Small-angle X-ray scattering (SAXS)

SAXS measurements were carried out using a Rigaku Smartlab X-ray diffractometer (40 kV, 44 mA) with Cu Kα radiation. Sol volumes (3 mL) were pipetted into disposable cuvettes and varying amounts of 3% TNM were introduced, as was the case for TRDLS, then a portion was transferred to 2.0 mm boron-rich capillary tubes and allowed to gel. Scattering intensities were recorded from 0 to 8° 2θ. The parasitic scattering produced by the sample holder, slits and air is subtracted from the experimental scattering intensity.

Results and discussion

Synthesis and Characterization of CdSe(ZnS) Core(shell) NCs

Highly luminescent green- and orange-emitting CdSe(ZnS) core(shell) NCs were synthesized according to literature methods with slight modifications.^5,6,7 As-prepared CdSe(ZnS) core(shell) NCs were purified by two cycles of dispersion in toluene and precipitation with methanol and then exchanged with 11-mercaptoundecanoic acid (MUA). Figure 1 shows a high resolution transmission electron microscope (HRTEM) image of the as-synthesized green- and orange-emitting CdSe core NCs along with UV–vis and photoluminescence (PL) spectra of MUA-capped core(shell) NCs. Core sizes (determined by HRTEM measurements) and optical properties of CdSe(ZnS) core(shell) NCs are listed in Table 1.

Figure 1.

(a) HRTEM images of green- (a) and orange- (b) emitting CdSe core NCs. The inset shows absorption and emission spectra of MUA-capped core (shell) NCs.

Table 1.

Core size and optical properties of CdSe(ZnS) core (shell) NCs

	Core size (nm)	Absorption onset (eV)	Band edge emission maxima (eV)	FWHM (nm)
Green-emitting NCs	4.6 ± 0.3	2.17	2.19	31.3
Orange-emitting NCs	5.3 ± 0.4	2.00	2.03	33.5

As expected, orange-emitting NCs have larger cores than the green-emitting NCs, and this is also reflected in the lower energy of absorption onset and band edge emission maxima, consistent with less quantum confinement in the orange-emitting NCs. The full width at half-maximum (FWHM) values of the band-edge emission peaks of CdSe(ZnS) in the PL spectra are between 31–34 nm, suggesting the presence of fairly monodisperse NCs. Gelation is achieved by oxidative ligand removal and formation of oxidized chalcogenide linkages between NCs.¹² Importantly, tetranitromethane is a non-oxygen transferring oxidant and does not actively participate in bonding; NC-NC bonding occurs via purely inorganic di- or poly-chalcogenide linkages.¹²

Probing the effect of kinetics of the aggregation and gelation on gel transparency by time resolved dynamic light scattering (TRDLS)

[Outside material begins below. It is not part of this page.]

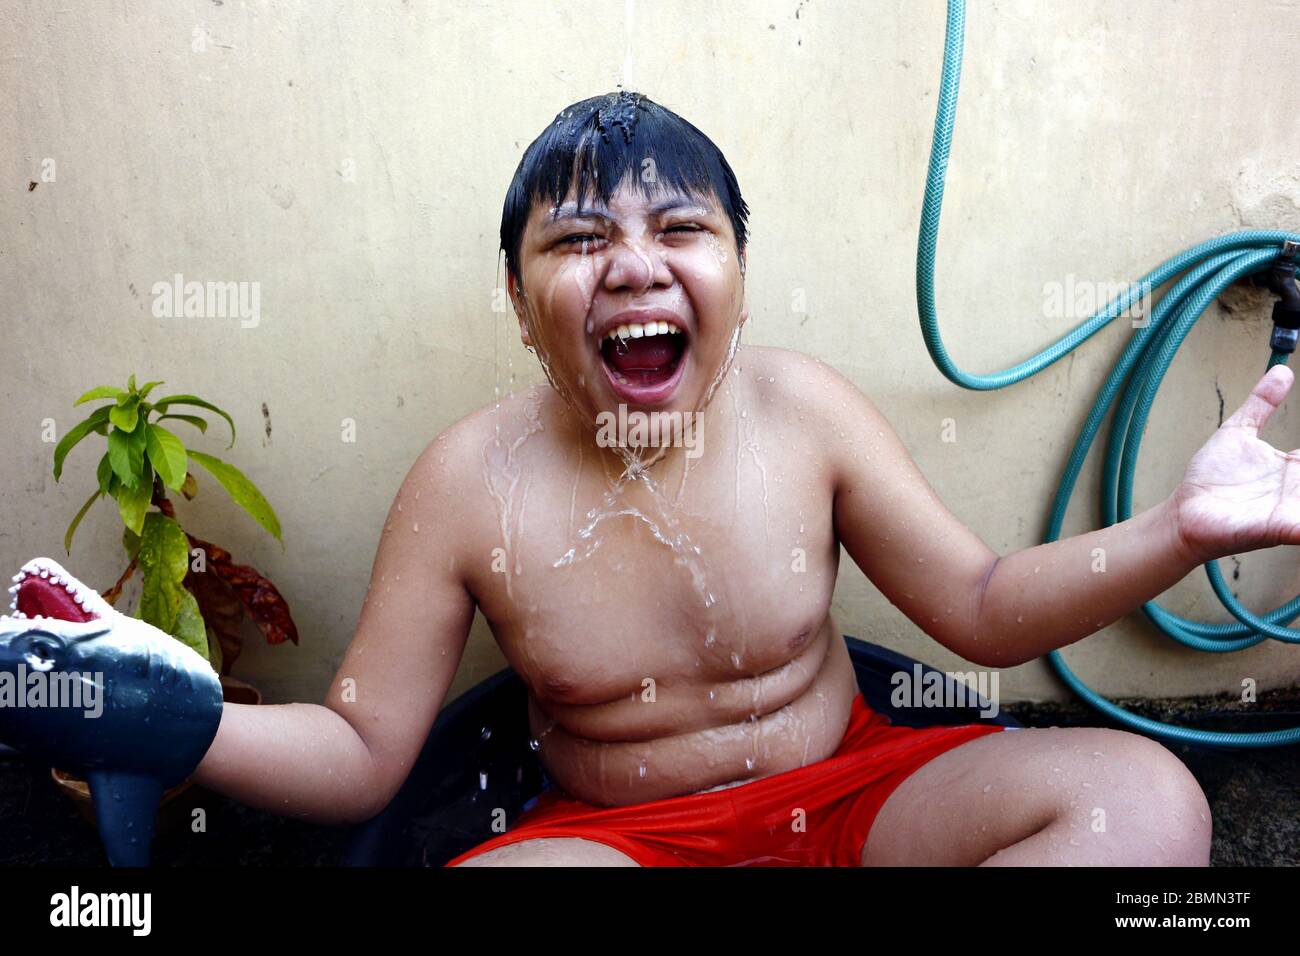 Photo d'un jeune garçon asiatique qui se rafraîchi dans un bassin d'eau et un tuyau d'eau comme une douche de fortune pour battre la chaleur estivale. Banque D'Images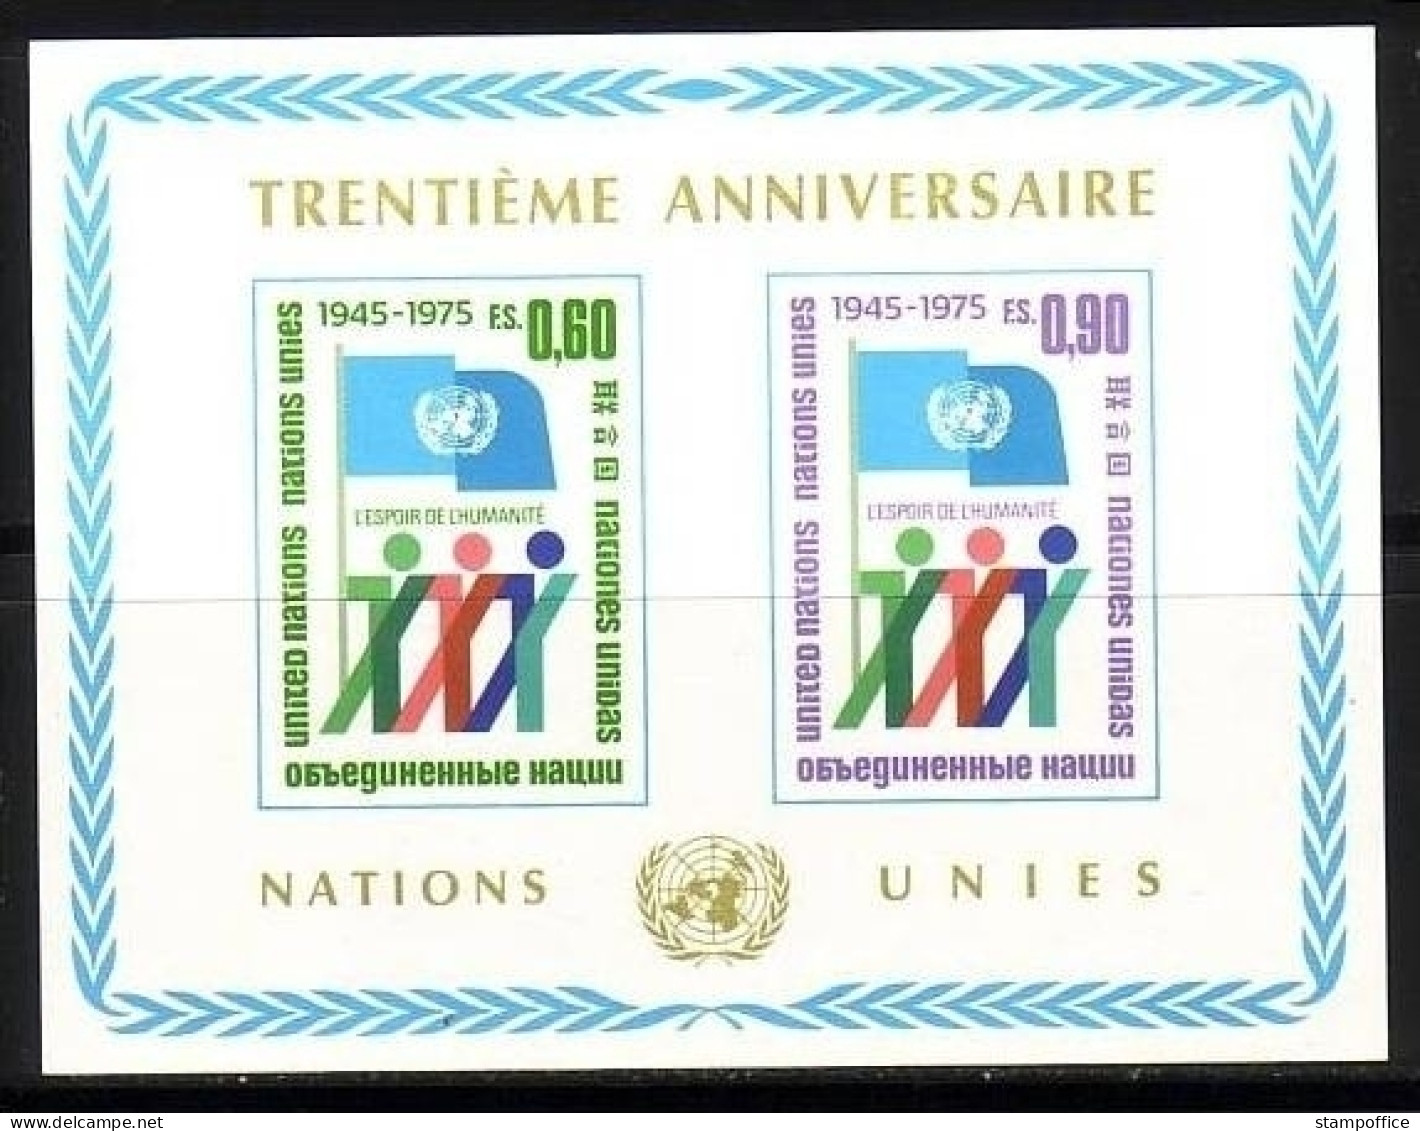 UNO GENF BLOCK 1 POSTFRISCH 30 JAHRE VEREINTE NATIONEN 1975 - Blocks & Sheetlets

Aggregation kinetics can be considered in the context of two limiting regimes. Fast, diffusion-limited colloidal aggregation (DLCA), in which growth of the average cluster size has a power law behavior; and slow, reaction-limited colloidal aggregation (RLCA), in which exponential growth of the average cluster size occurs.¹³ In the DLCA regime, power law behavior of the growth in the average radius of gyration R̄_g of the aggregates can be shown by solution of the Smoluchowski equation (Equation 7)¹⁴

$${\overline{R}}_g(t)={\overline{R}}_g(0){[1+\alpha t/\tau ]}^{\text{z}/D_f}$$ (7)

In the RLCA regime, exponential scaling of R̄_g is expected with a dependence represented by Equation 8.

$${\overline{R}}_g(t)={\overline{R}}_g(0)exp(\alpha t/\tau )$$ (8)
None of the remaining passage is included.